The task
In the listing below, find each line that holds the string "Mount" and copy it.

Data to use
----------

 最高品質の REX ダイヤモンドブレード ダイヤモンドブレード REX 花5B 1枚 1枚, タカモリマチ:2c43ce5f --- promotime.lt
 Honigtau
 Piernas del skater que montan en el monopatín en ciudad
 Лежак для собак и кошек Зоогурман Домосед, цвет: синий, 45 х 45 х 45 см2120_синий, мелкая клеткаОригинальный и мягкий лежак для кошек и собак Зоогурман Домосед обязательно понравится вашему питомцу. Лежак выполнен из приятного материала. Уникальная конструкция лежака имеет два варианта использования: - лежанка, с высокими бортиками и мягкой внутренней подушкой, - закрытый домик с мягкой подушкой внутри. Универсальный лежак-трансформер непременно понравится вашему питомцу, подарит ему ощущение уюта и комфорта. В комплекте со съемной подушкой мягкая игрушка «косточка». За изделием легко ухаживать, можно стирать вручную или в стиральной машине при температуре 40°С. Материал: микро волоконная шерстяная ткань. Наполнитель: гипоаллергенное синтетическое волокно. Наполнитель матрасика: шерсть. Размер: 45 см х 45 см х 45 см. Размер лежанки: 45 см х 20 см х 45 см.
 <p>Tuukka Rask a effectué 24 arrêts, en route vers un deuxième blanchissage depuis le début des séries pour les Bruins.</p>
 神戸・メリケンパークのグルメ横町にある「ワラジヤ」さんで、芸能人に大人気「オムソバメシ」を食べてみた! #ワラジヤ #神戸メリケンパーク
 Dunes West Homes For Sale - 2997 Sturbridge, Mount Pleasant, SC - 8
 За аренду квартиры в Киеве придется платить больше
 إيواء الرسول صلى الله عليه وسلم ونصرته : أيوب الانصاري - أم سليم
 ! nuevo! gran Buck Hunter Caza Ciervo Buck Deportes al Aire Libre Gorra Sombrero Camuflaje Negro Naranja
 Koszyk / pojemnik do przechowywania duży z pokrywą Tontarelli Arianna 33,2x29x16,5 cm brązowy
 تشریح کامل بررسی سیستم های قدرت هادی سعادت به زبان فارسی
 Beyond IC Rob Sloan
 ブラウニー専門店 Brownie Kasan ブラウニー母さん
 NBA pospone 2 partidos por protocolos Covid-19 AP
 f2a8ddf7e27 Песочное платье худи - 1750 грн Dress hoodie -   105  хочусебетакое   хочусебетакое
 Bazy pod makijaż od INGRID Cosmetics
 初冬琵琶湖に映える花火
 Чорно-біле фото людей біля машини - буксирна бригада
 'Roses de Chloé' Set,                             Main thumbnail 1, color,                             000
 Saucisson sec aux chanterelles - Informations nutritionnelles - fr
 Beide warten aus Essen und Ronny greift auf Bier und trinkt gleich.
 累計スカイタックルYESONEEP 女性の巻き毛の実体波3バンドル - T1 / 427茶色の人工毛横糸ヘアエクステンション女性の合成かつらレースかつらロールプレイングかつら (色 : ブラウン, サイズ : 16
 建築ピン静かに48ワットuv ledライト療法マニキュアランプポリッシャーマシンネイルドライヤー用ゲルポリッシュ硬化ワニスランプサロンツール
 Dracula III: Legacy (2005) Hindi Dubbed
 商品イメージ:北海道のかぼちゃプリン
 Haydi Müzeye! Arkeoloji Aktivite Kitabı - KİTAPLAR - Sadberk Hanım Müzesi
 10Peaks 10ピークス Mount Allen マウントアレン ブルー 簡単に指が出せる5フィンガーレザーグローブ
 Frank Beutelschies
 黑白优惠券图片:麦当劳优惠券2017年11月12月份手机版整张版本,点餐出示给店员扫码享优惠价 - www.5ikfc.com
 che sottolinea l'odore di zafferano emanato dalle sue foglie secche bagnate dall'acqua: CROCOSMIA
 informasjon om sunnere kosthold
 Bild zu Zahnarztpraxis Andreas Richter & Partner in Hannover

----------

Written answer
 Dunes West Homes For Sale - 2997 Sturbridge, Mount Pleasant, SC - 8
 10Peaks 10ピークス Mount Allen マウントアレン ブルー 簡単に指が出せる5フィンガーレザーグローブ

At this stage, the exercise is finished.